Photo courtesy Trevi S.p.A.
For the trial, the Trevi team chose a site containing calcareous marl.

By excavating a slurry-trench panel 100 meters deeper than ever before, an Italian contractor hopes to grab a bigger share of the market for repairing leaking dam foundations. Trevi S.p.A. engineers claim the 250-m-deep trial wall, recently excavated near the company's Cesena, Italy, headquarters, sets the stage for the potential increased use of deep remedial cutoffs at troubled reservoirs.

Trevi's aim for the trial on its new Soilmec Tiger SC-200 Hydromill is "to push the limits of this technology," explains Maurizio Siepi, who manages the firm's technology department. The difference between the hydromill and a standard machine, he adds, is the "difference between Formula One cars and the cars that you find at car dealers."

For the experimental excavation work, the Trevi team and Soilmec S.p.A., its equipment-manufacturing subsidiary, chose to stabilize a site that contained calcareous marl, says Siepi. "We knew from the beginning [the trial] was going to take weeks because it was a prototype and we had to test everything," Siepi explains. Starting in August, the team completed one 3.2-m-long, 1.5-m-wide, 250-m-deep wall panel in early November and will cast the concrete this month, he adds.

Like similar trenching machines, the Tiger lowers into the ground a frame that carries counter-rotating cutters to excavate wall slots. As the cutters descend, a thixotropic slurry, such as bentonite, is circulated in the trench, helping to support the sides and remove spoil. When the excavation is complete, concrete is tremied into the bottom of the trench, displacing the slurry and forming the wall.

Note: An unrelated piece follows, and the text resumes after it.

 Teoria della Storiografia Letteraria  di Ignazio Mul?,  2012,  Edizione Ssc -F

Among other challenges, the Italians had to keep the cutterhead vertical despite the depth. "We were very close to the accuracy [limits] of the instrumentation," says Siepi. Because of the ground conditions, the cutterhead deviated 60 centimeters off course about 100 m down, he reports. "We were able to recover the deviation at the bottom," he adds.

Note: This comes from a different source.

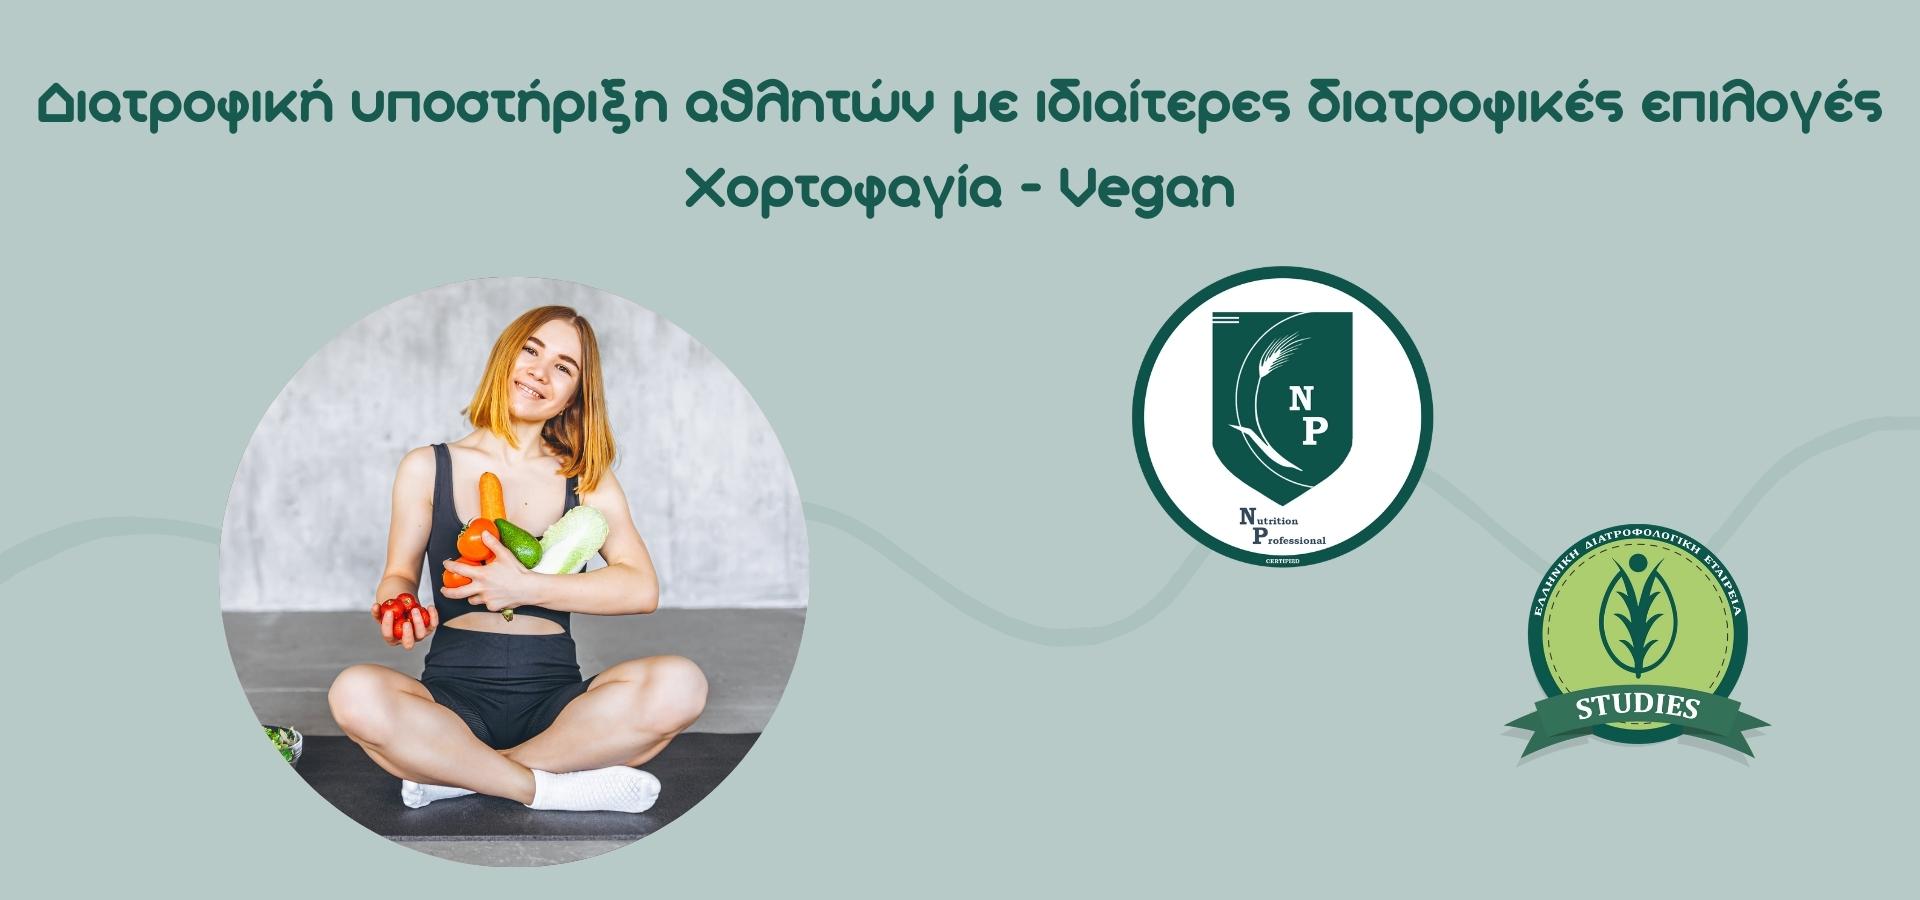 υποστήριξη αθλητών με ιδιαίτερες διατροφικές επιλογές Χορτοφαγία Vegan

The engineers also encountered power losses along the long hoses, each weighing 60 tonnes, and maintaining hydraulic seal. "At high depths, all these problems are magnified," notes Siepi. Specialists from Bologna University advised the drilling team on geology, while staff from Marche Polytechnic University, Ancona, helped with the concrete-mix design. Turin University experts provided guidance on monitoring and instrumentation.

The wall trial marks another advance for the slurry-wall technology. First developed in Europe during the 1950s, slurry walls initially were excavated with "rope grabs," or clamshells operated by a cable, hung from tripod rigs, according to a recent review from the U.S. Society on Dams (USSD). To deal with harder rock and greater depth, hydraulically operated grabs were developed. For a project in Schuttdorf, Austria, in 1994, contractor A. Porr A.G., Vienna, claims to have built Europe's deepest wall, at 104 m, using a grab.